A Labor spokeswoman said the opposition did not expect oncologists to guarantee they would bulk-bill and it had “of course” consulted with medical practitioners on the policy before it was announced. “Labor has designed the new item to address the most consistent cost interactions the majority of cancer patients have during the course of their treatment and that is with oncologists and surgeons,” she said.
“The existing MBS (Medicare Benefits Schedule) items will remain and oncologists who have billing rights for those items can continue to bill them.”
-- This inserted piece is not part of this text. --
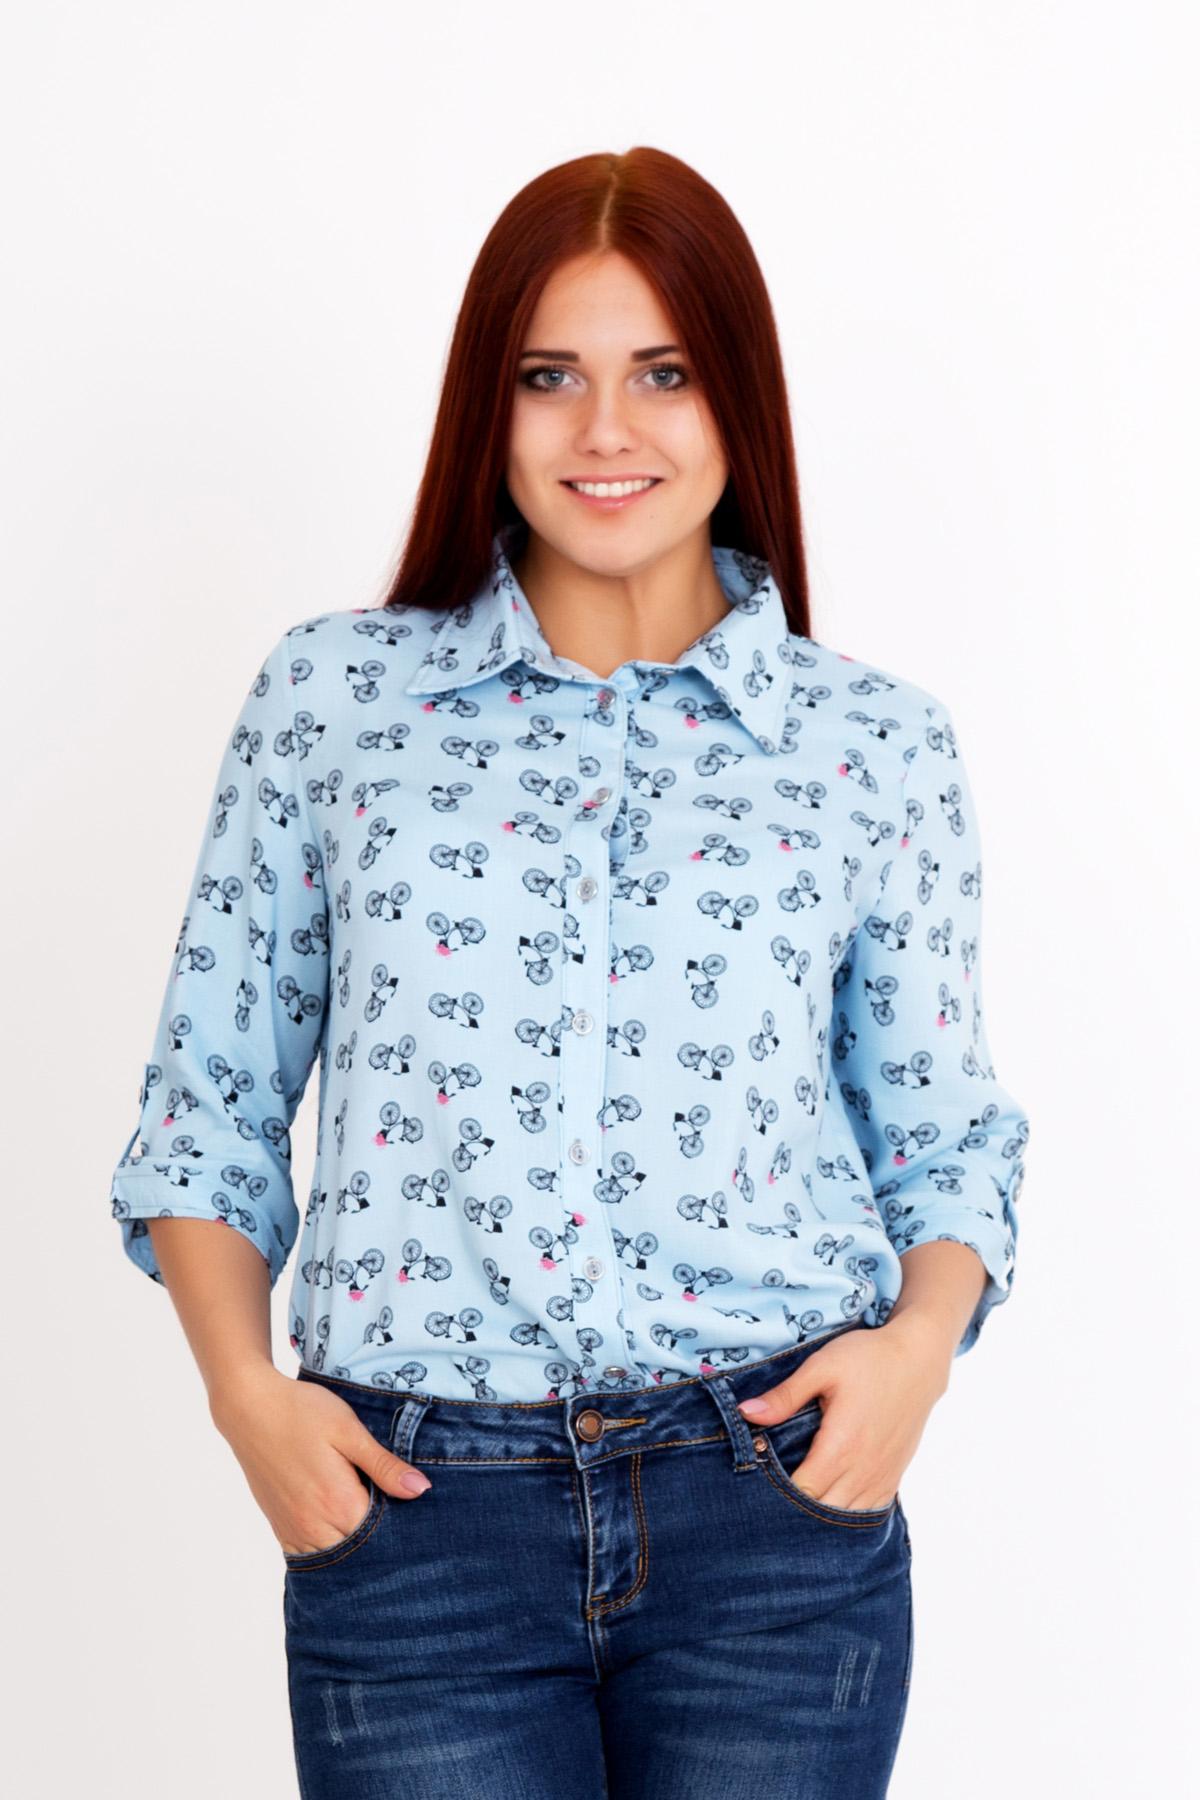 Жен. рубашка  Виола  р. 44 - Женская одежда артикул: 19535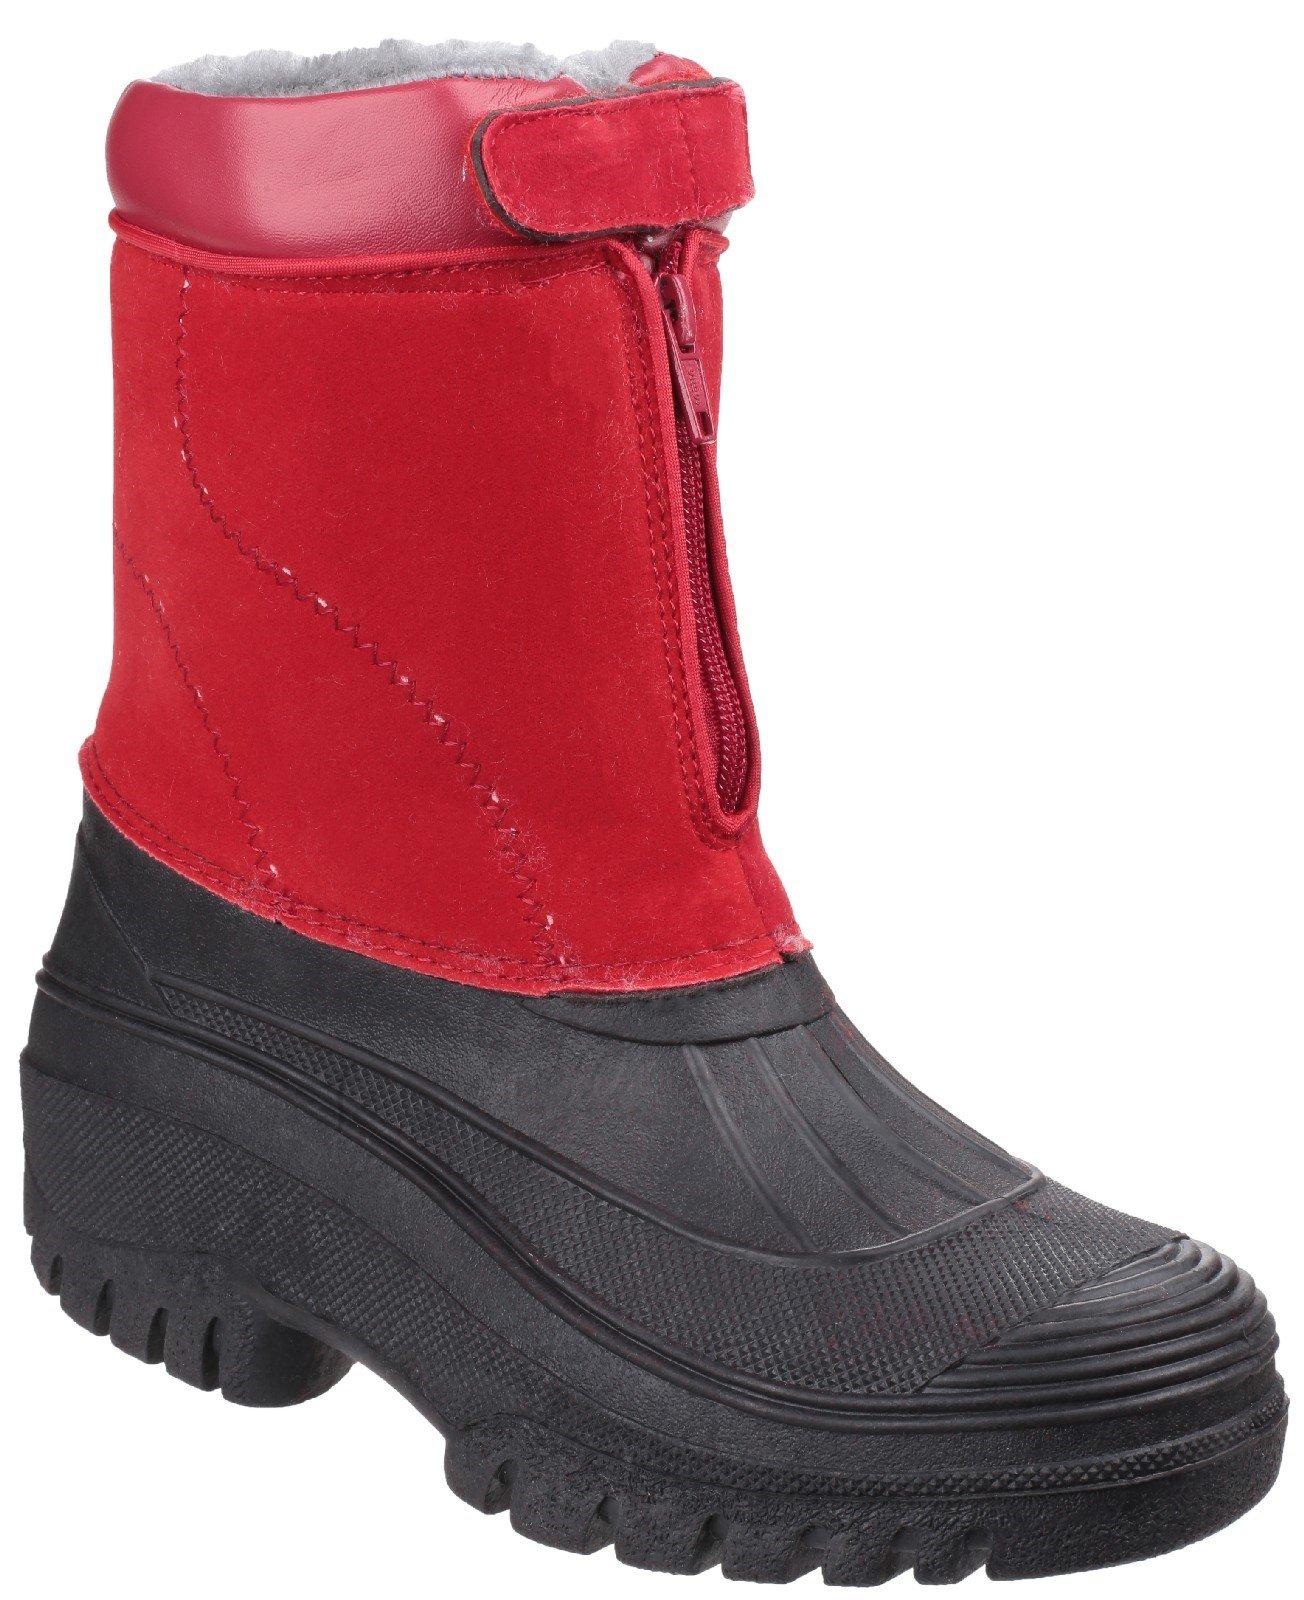 Cotswold Women's Venture Waterproof Winter Boot Various Colours 16569 - Red 2

Dr Brady, Dr Steer and John Bashford, a clinical haematologist and medical oncologist at The Wesley Hospital in Brisbane, said surgeons and oncologists worked as part of much bigger cancer teams but it was unclear if Labor’s bulk-billing incentive would capture other specialists. “We don’t know where this proposal begins and ends,” Dr Bashford said. “Which members of the cancer team will be affected? If I ask one of my cardiology colleagues … are they going to be covered? How do you stop gaps completely?
“It’s far more complex than it’s being portrayed and the achieving of a completely no-gap product is a very difficult thing for anybody to say ‘we’re going to do this’. We all struggle to understand how that concept will work in practice.
“Our primary concern is to see what this means from the perspective of our patients. What would concern us is an expectation that suddenly all cancer care can be free. That’s unachievable in both the public and private sectors with the detail so far provided by Labor.”
Health Minister Greg Hunt declared Mr Shorten had been “caught out misleading the public with a phony guarantee”.
“His so-called bulk-billing guarantee for cancer care has been exposed as a hoax within four days,” Mr Hunt said. “He should immediately apologise to patients and their families.”
The Royal College of Pathologists of Australasia yesterday complained that both sides of politics were ignoring the cost pressures. “Whilst we welcome the intention to more adequately fund diagnostic imaging, oncology and surgery, it is important to note that none of these modalities actually diagnose cancer,” RCPA president Bruce Latham said.
The Royal Australian and New Zealand College of Radiologists, which had called for increased MRI access, welcomed Labor’s announcement. So too did the Australian Diagnostic Imaging Association, which had campaigned for the restoration of Medicare indexation but not specifically sought special cancer rebates for MRIs.
Visiting the Royal Brisbane and Women’s Hospital in Brisbane yesterday, Mr Shorten said Labor’s cancer plan, which he hailed as the single biggest investment in Medicare, was “the right thing to do”.
“The out-of-pocket costs of fighting cancer are too big,” he said. “This country is not doing enough to help patients in the fight of their life.”
Dr Brady said Labor’s plan to focus on cancer was “certainly opportunistic” and he was concerned about potential inequality it created among private patients.
“What about all the other diseases? … It’s kind of un-Australian I think,” he said.